Does the Clean Water Act allow the Environmental Protection Agency to discipline permit-holders for violations of water quality standards without enumerating specific limits to which permit holders’ water discharges must conform?

This case asks the Supreme Court to determine if the Environmental Protection Agency (“EPA”) must impose specific limits in the permits it distributes under the Clean Water Act (“CWA”). The CWA empowers the EPA to issue National Pollutant Discharge Elimination System (“NPDES”) permits to cities and businesses that discharge waste. The City of San Francisco contends that the EPA can only establish limitations on effluent discharges under the permit, and that it lacks the authority to establish other generic requirements. The EPA counters that its authority reaches beyond effluent limitations and that it is permitted to enforce limitations on water receiving standards. The outcome of this case has profound implications on businesses’ ability to avoid legal liability, as well as the interests of local communities.

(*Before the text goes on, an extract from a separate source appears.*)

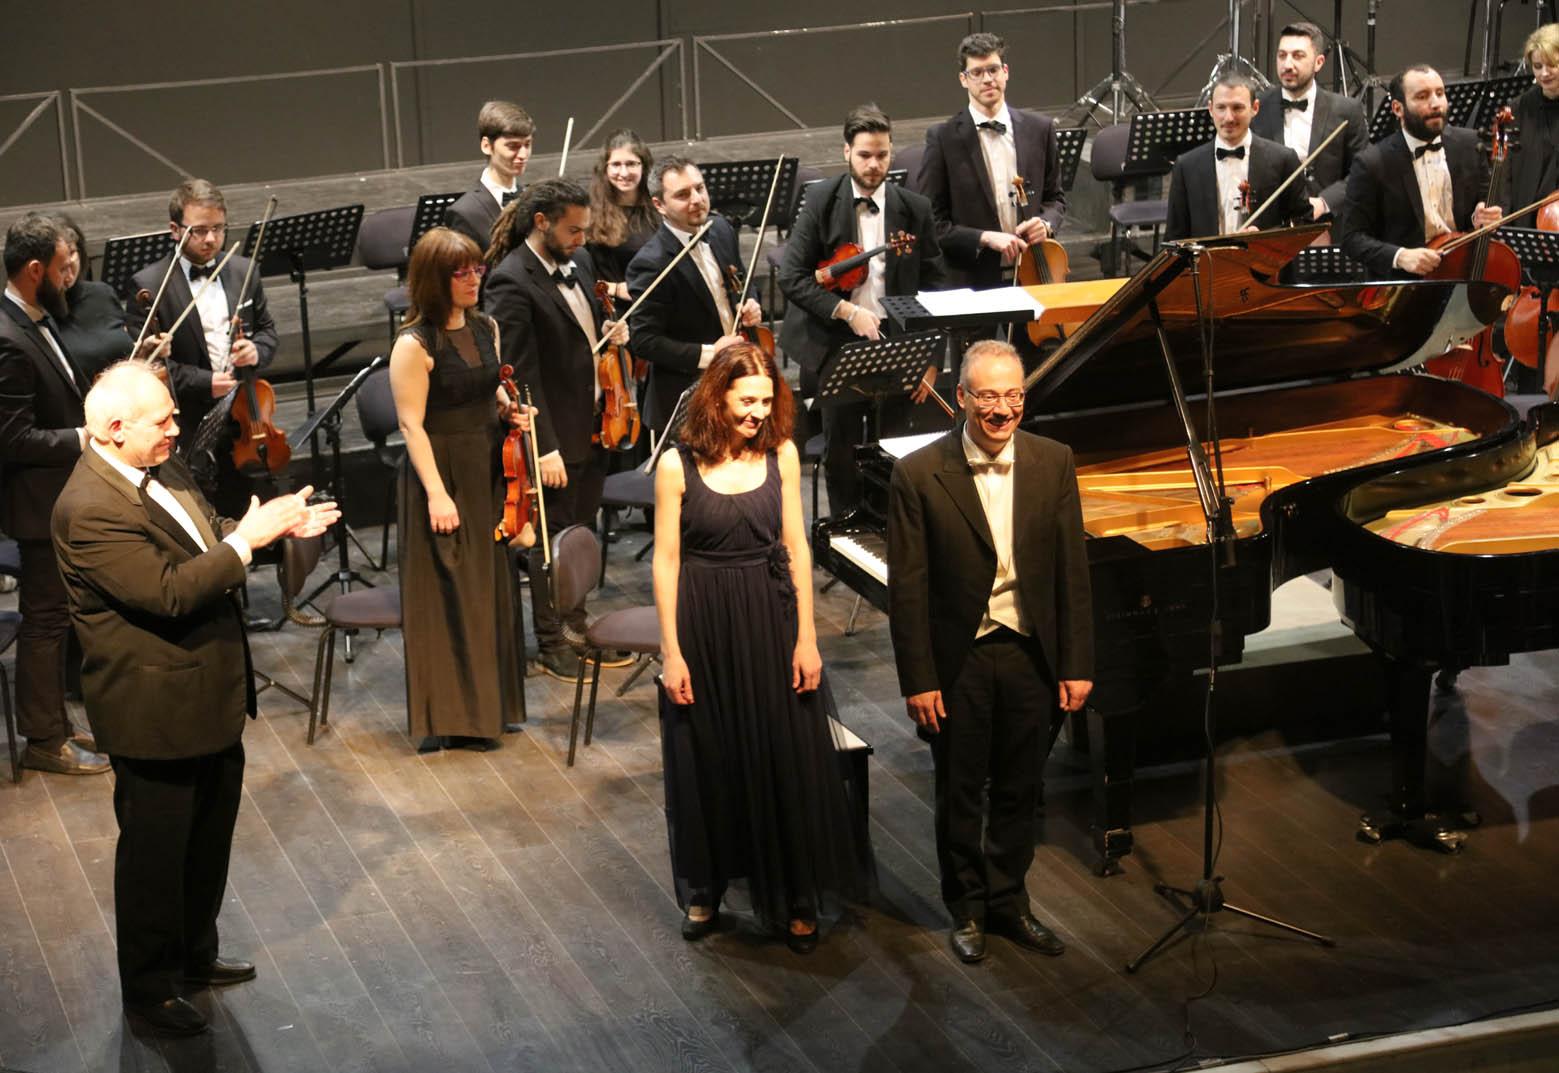 συναυλια κωνσταντινιδης κτιστακης (5)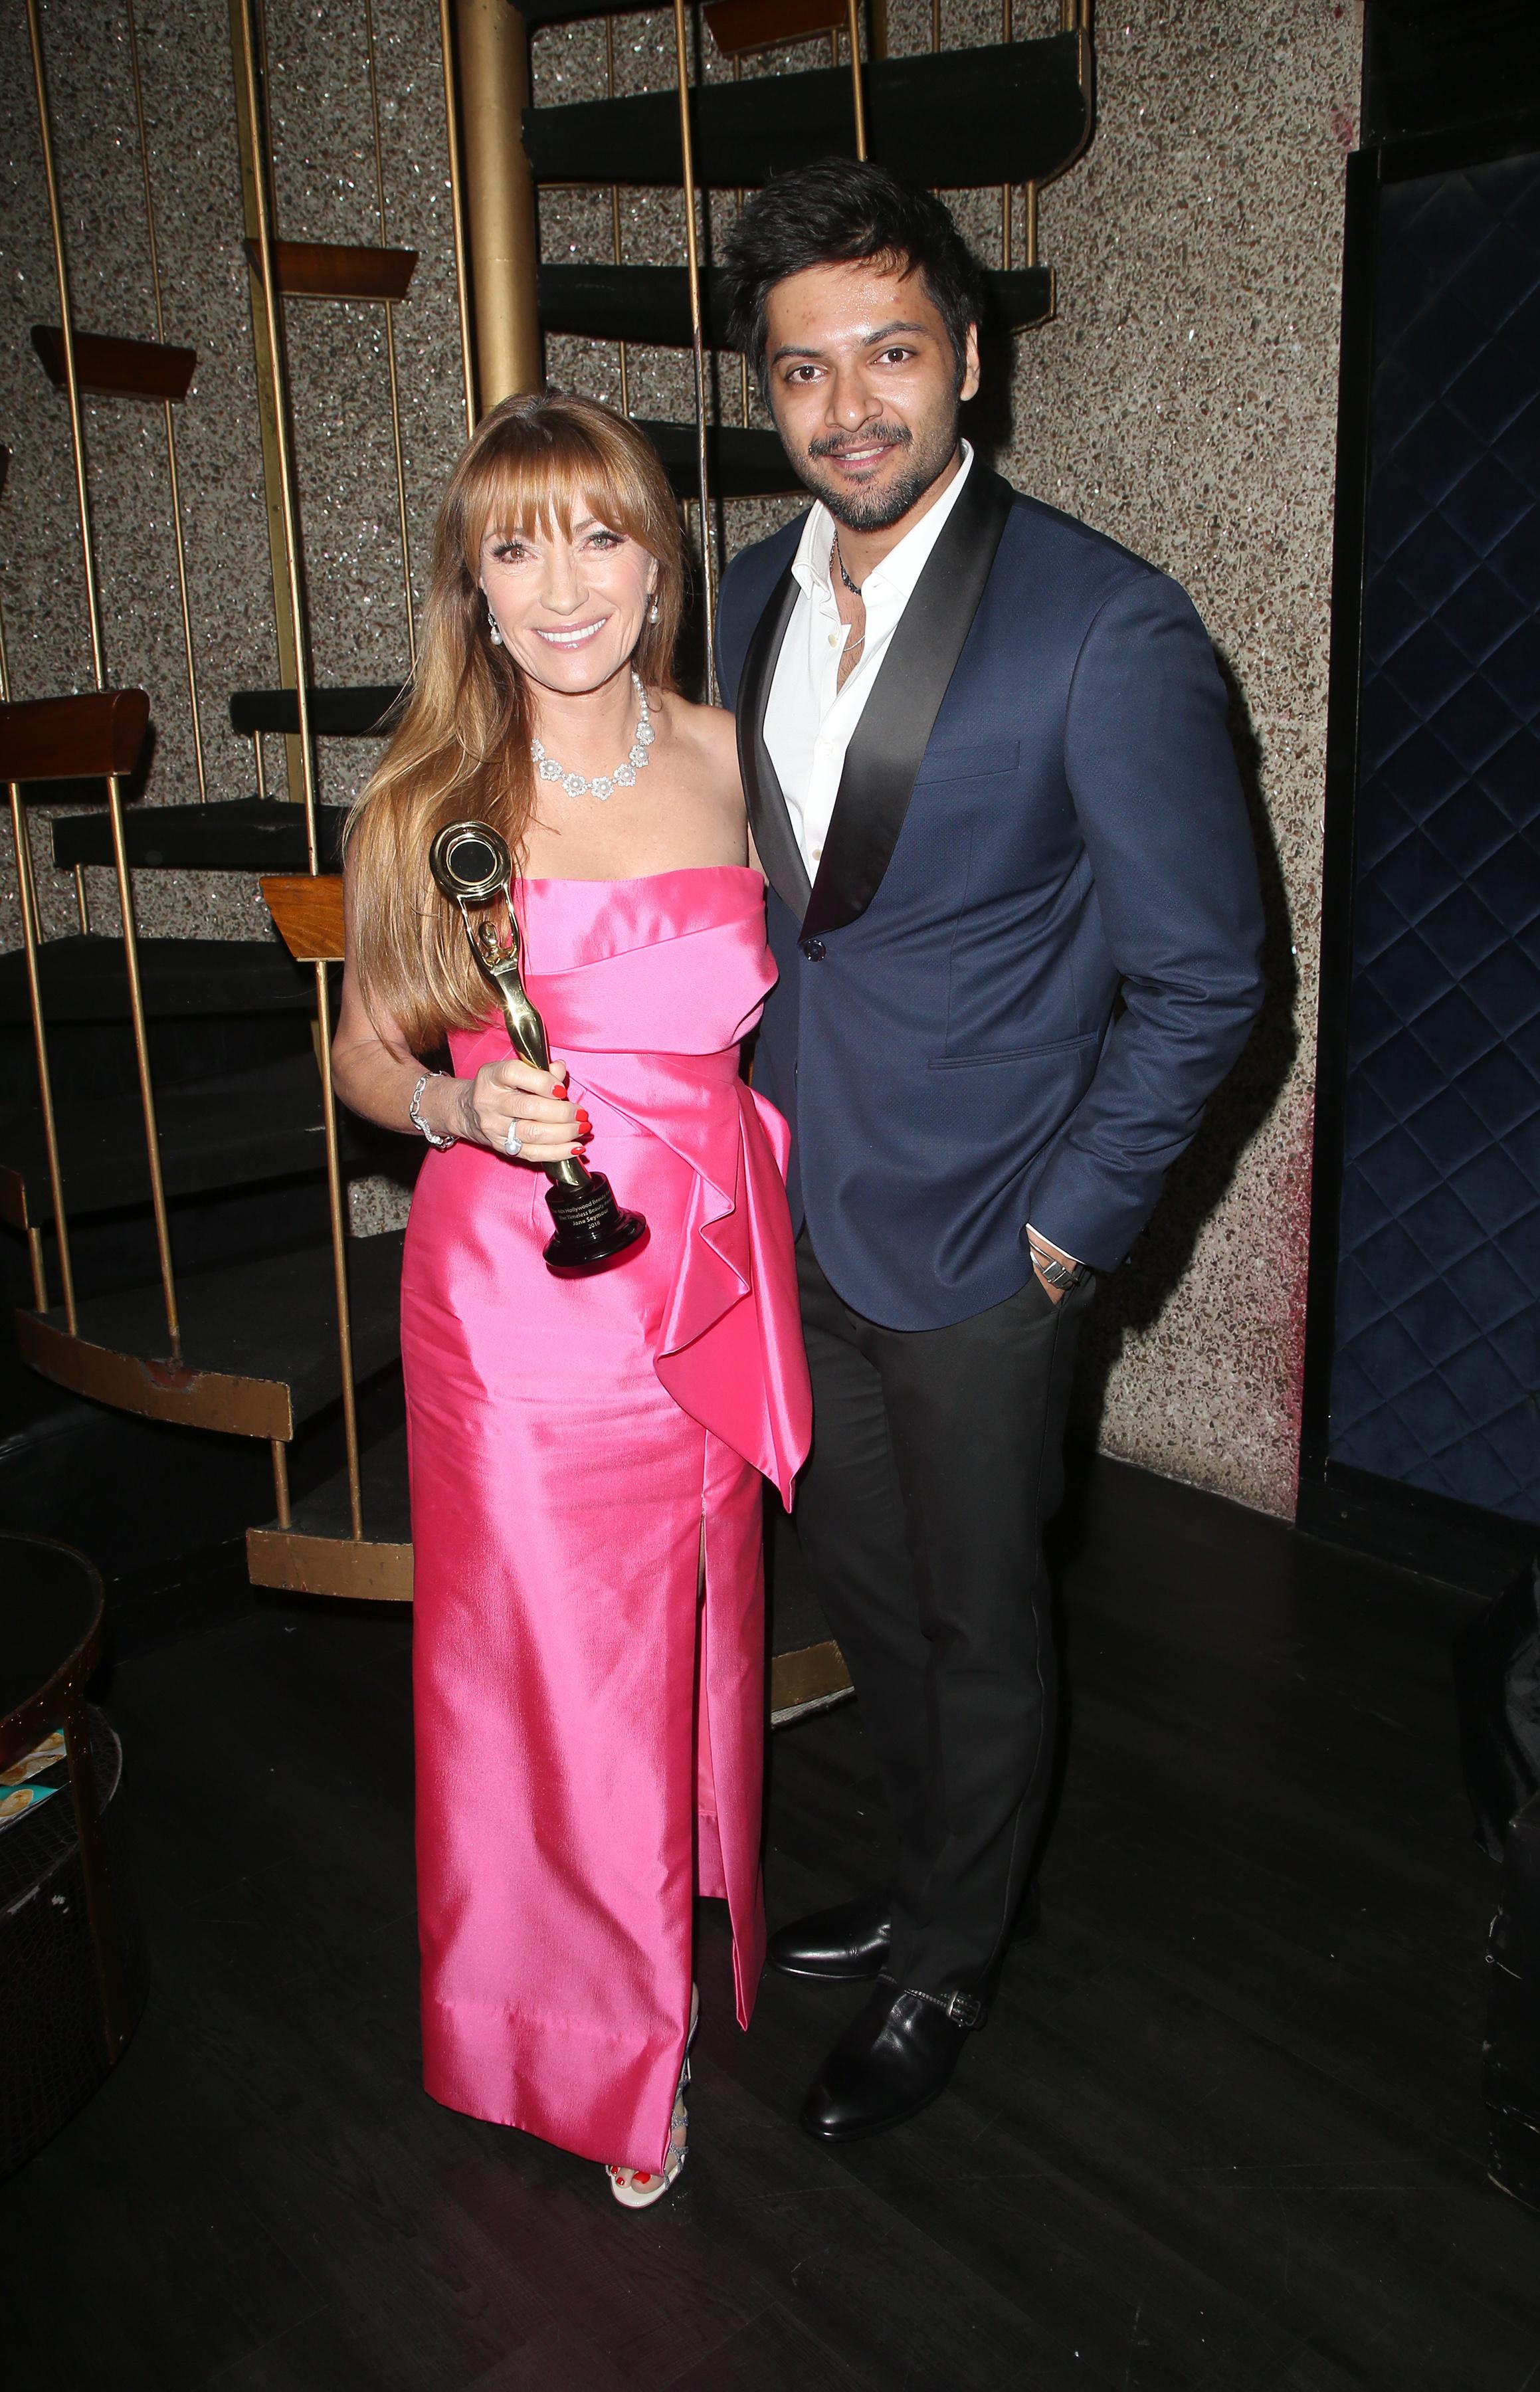 Jane Seymour and Ali Fazal | Feb 25, 2018, Hollywood Beauty Awards held at the Avalon

Questions as Framed for the Court by the Parties

Whether the Clean Water Act allows EPA (or an authorized state) to impose generic prohibitions in NPDES permits that subject permitholders to enforcement for exceedances of water quality standards without identifying specific limits to which their discharges must conform.

Like most cities in the United States, San Francisco operates a combined sewer system that collects both sewage and stormwater runoff. City of San Francisco v. U.S. EPA (“Ninth Circuit”) at 7. During extreme weather, the system occasionally exceeds capacity causing a combined sewer overflow (“CSO”) that discharges pollutants into surrounding waterways.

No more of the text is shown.